Your answer should hold the data exactly as given, minus any picture.

Provided data.
========================================================================

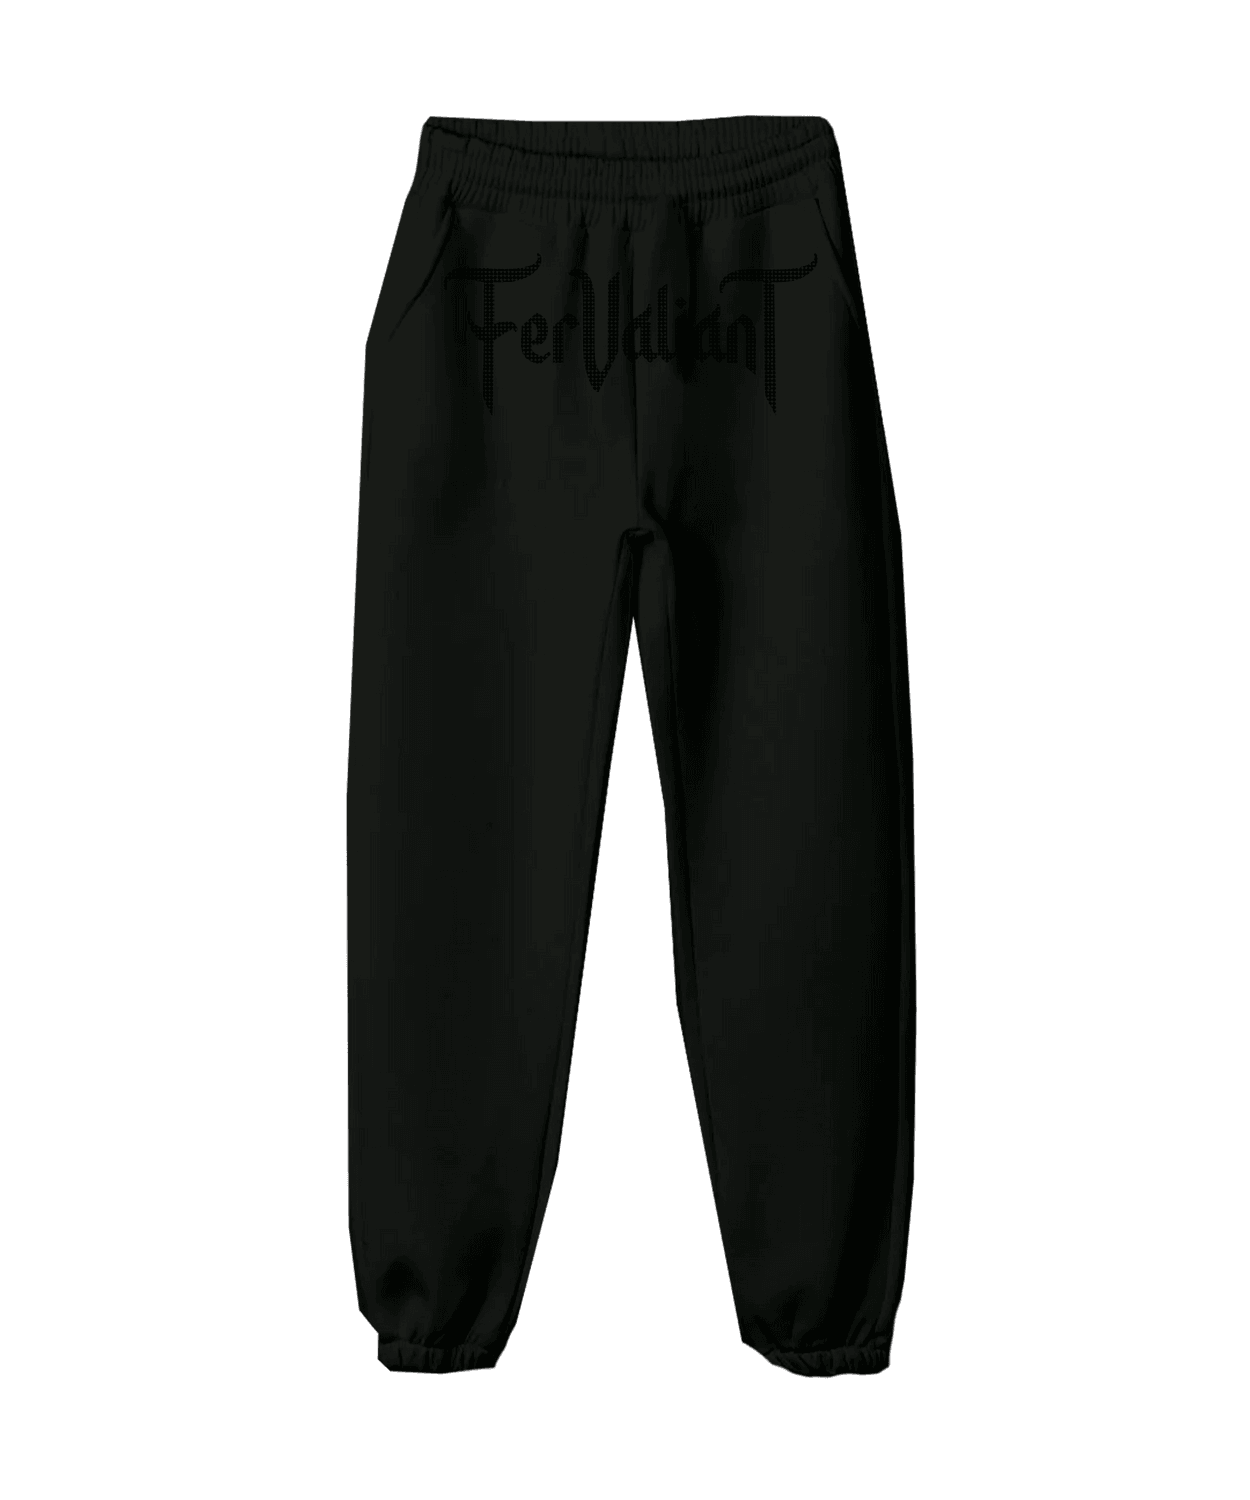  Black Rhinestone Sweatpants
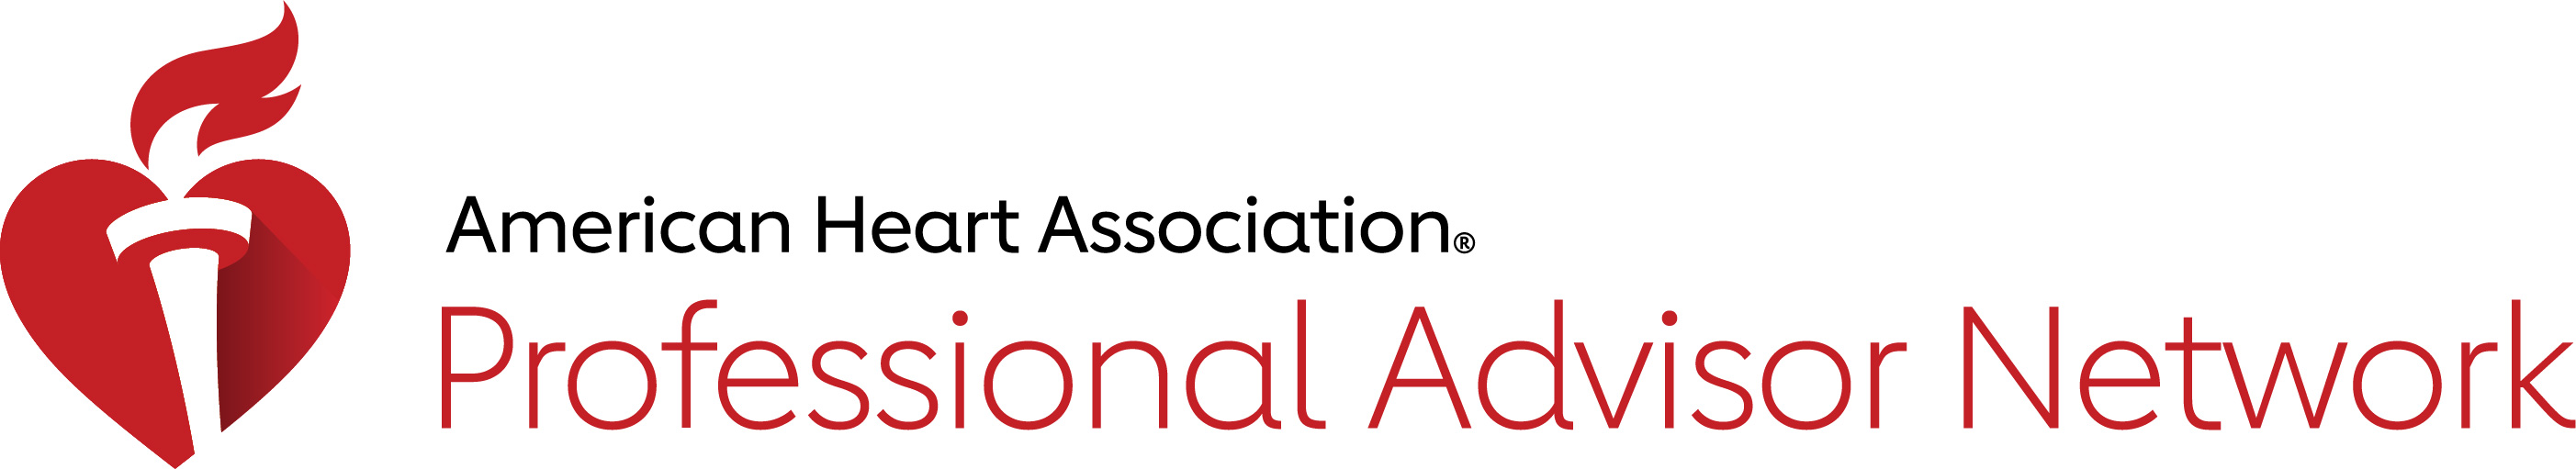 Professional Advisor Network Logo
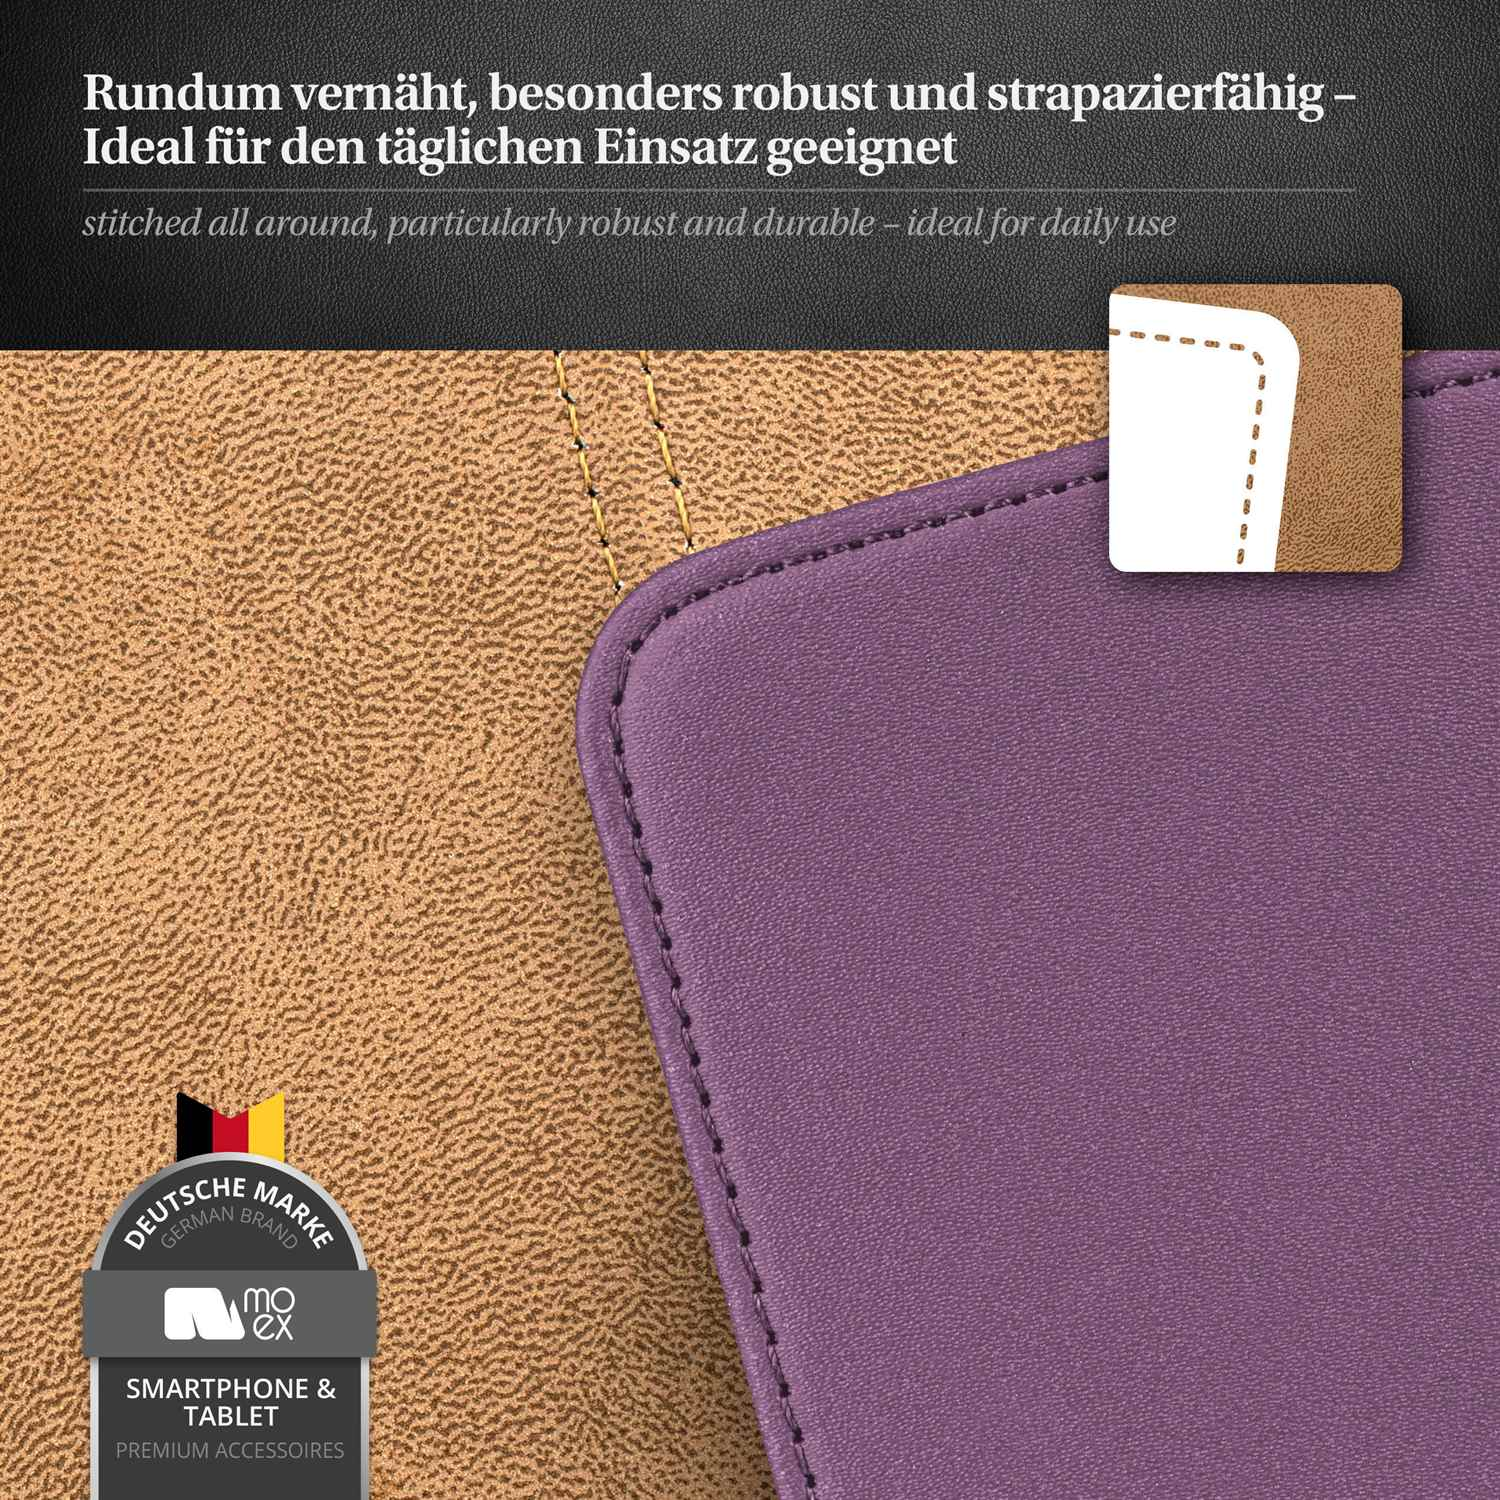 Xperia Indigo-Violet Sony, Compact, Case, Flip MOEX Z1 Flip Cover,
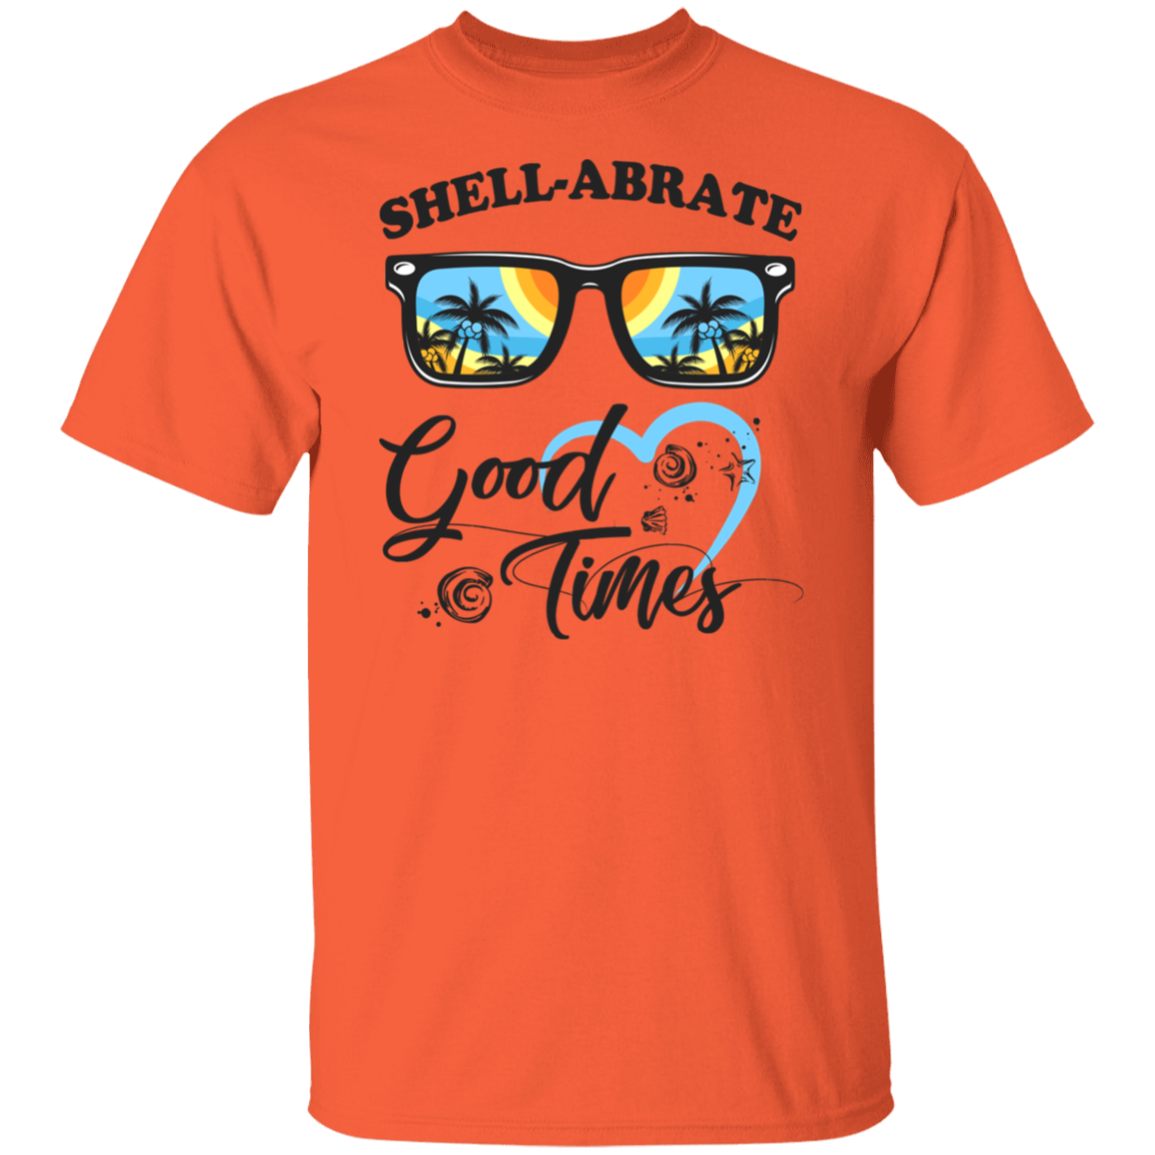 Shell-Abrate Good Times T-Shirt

========================================================================

Task result.
  Black Rhinestone Sweatpants
 Professional Advisor Network Logo
 Xperia Indigo-Violet Sony, Compact, Case, Flip MOEX Z1 Flip Cover,
 Shell-Abrate Good Times T-Shirt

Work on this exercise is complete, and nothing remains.